For this reason, over the next two years, the administration is ambitiously hoping to boost Indonesia to number 40 on the World Bank’s list before the end of his term in 2019.

In Indonesia, anyone who wanted to start a company was previously required to complete 12 procedures that take an average of 47 days. Fledgling entrepreneurs had to also endure a cost of around Rp.6.7 million (US$500) to Rp.7.8 million (US$580). Under Jokowi’s new regulation, incorporating a new business entity would require founders to complete seven procedures that take around ten days, and endure a cost of around Rp.2.7 million (US$200).

Previously, if someone wanted to construct a venue in which to do business, the process was nightmarish at best. Construction required 17 official procedures, around 210 days, and would generally cost Rp.86 million (US$6,400) just to make it legal. Under Jokowi’s new regulation, the process would be slightly less painful, clocking in at 14 procedures, 52 days, and having a price tag of Rp.70 million (US$5,200) per case.

Tax is another important factor. In the past, entrepreneurs were forced to cope with 52 separate taxes, which must be paid offline. Under the new procedure, business owners would only be required to pay 14 different taxes, all of which can be done online.

In terms of getting electricity hooked up to one’s business, Jokowi said it would now take four procedures to subscribe to a new grid, and it will take around 25 days to complete. This is a decrease from the previous five procedures over an 80-day period.

For businesses in Indonesia looking to import and export goods, the president explained that the government is reducing the time in port from 4.5 days to a maximum of three days.
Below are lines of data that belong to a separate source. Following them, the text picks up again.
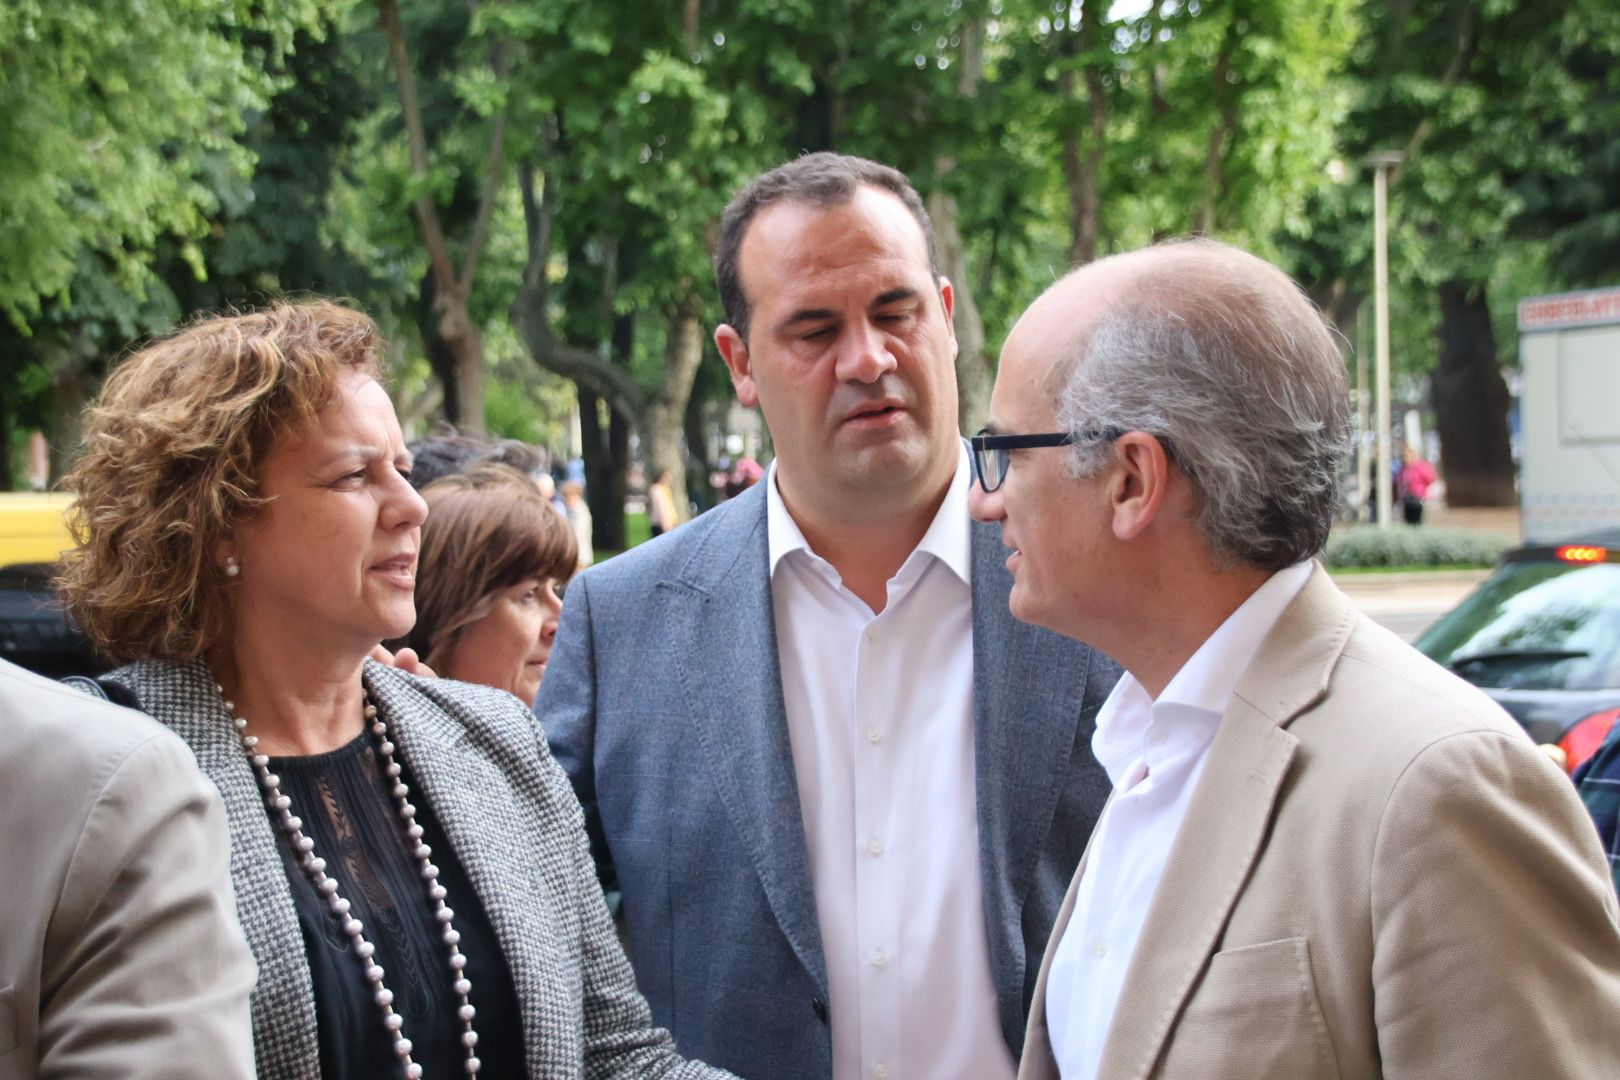 El Partido Popular de Salamanca celebra un acto de fin de campaña con las intervenciones del presidente del Partido Popular de Salamanca y candidato a la alcaldía de la ciudad
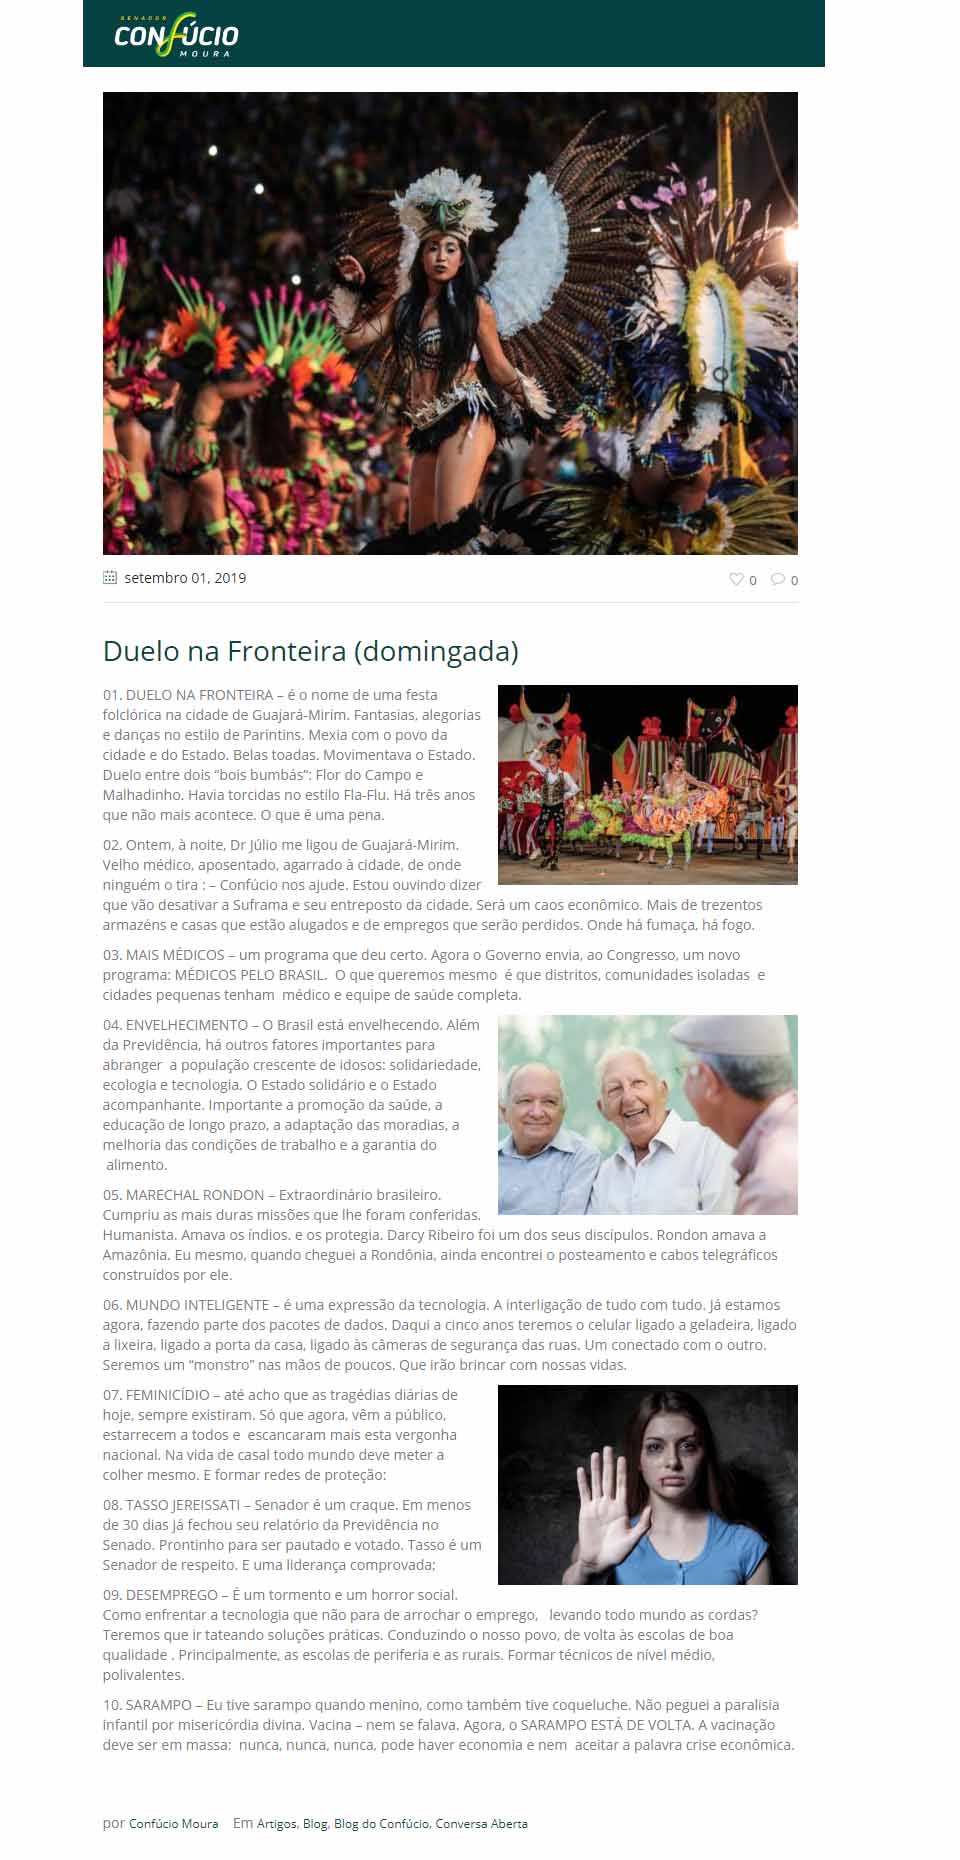 Confúcio fala sobre possível fechamento da Suframa em Guajará-Mirim e fica estarrecido com dados sobre feminicídio no Brasil
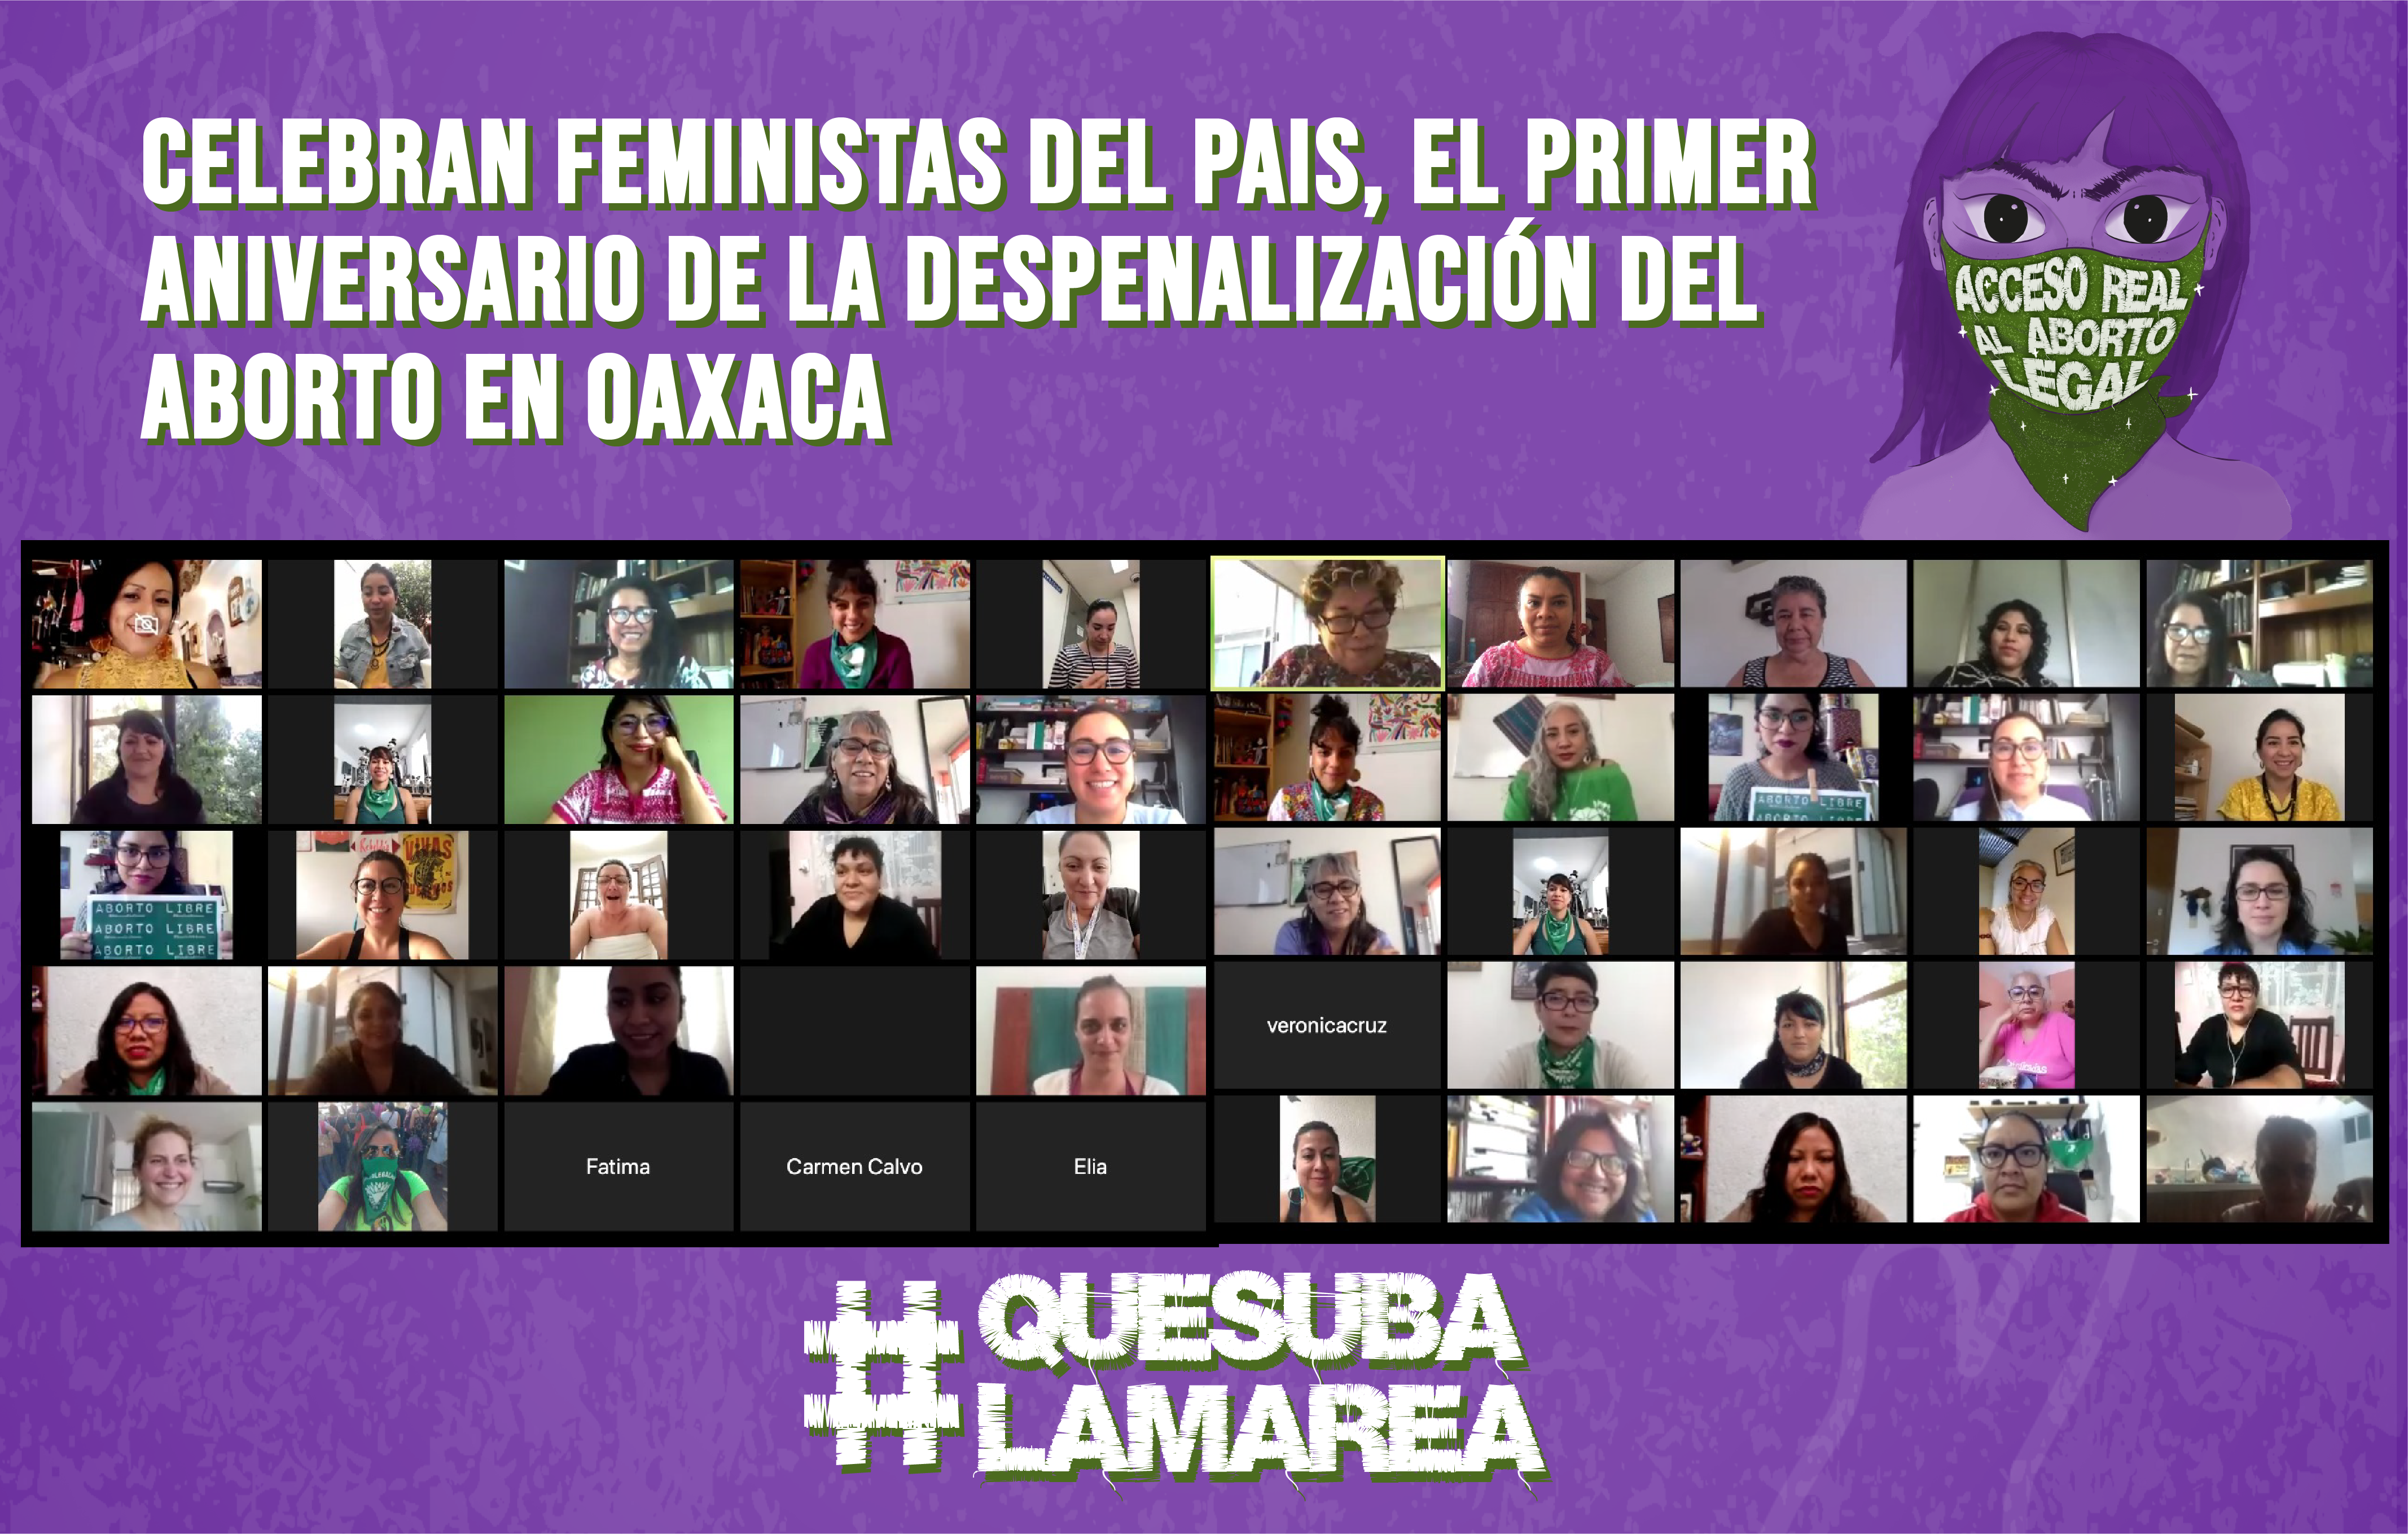 CELEBRAN FEMINISTAS DEL PAIS, EL PRIMER ANIVERSARIO DE LA DESPENALIZACIÓN DEL ABORTO EN OAXACA

“Cross-border trading, which was previously done offline, can now be done online with a way to send a notification of when goods are exported and imported. In addition, there will be a limit for keeping goods at the harbour for a maximum of three days,” said the president. Overall, the new move by the Indonesian government is meant to help SMEs cut down on red tape that might otherwise prevent them from starting up.

Although in theory the content of the stimulus package is good for SMEs, a great deal of uncertainty looms about its effective implementation in Indonesia. The archipelago is notorious for widespread discrepancies between government planning and actual execution.

Enny Sri Hartati, director of the nation’s Institute for Development of Economics and Finance, echoes this viewpoint in an interview with Indonesia Expat.

“This is a good move by the government. I believe this will help the SMEs and economic growth in Indonesia. But something that becomes my concern is the consistency of the government and how they plan to fully implement this regulation. For example, the first point is reducing the procedures from 12 to seven, then cutting the duration it takes [to incorporate] from 47 down to ten days, and finally [lowering] the cost to Rp.2.7 million (US$200) when starting a business,” explains Hartati. “In real life, will this implementation be consistent or not? It’s hard to say.”

William Suryawijaya, an investment analyst at Jakarta-based financial consulting firm Asjaya Indosurya Securities agrees to a certain extent. He says, “If this new regulation can be done consistently, of course this will attract the investors toward doing business in Indonesia.” It’s true this reform will take time to be fully implemented, “but at least right now we have a guide of where Indonesia’s economy will go,” Suryawijaya tells Indonesia Expat.

According to Franky Sibarani, chairman of the Indonesia Investment Coordination Board, implementation of the first 11 economic stimulus packages is nearly complete. “A few regulations have taken longer to implement, but right now we have reached 94 percent [completion],” Sibarani recently told reporters.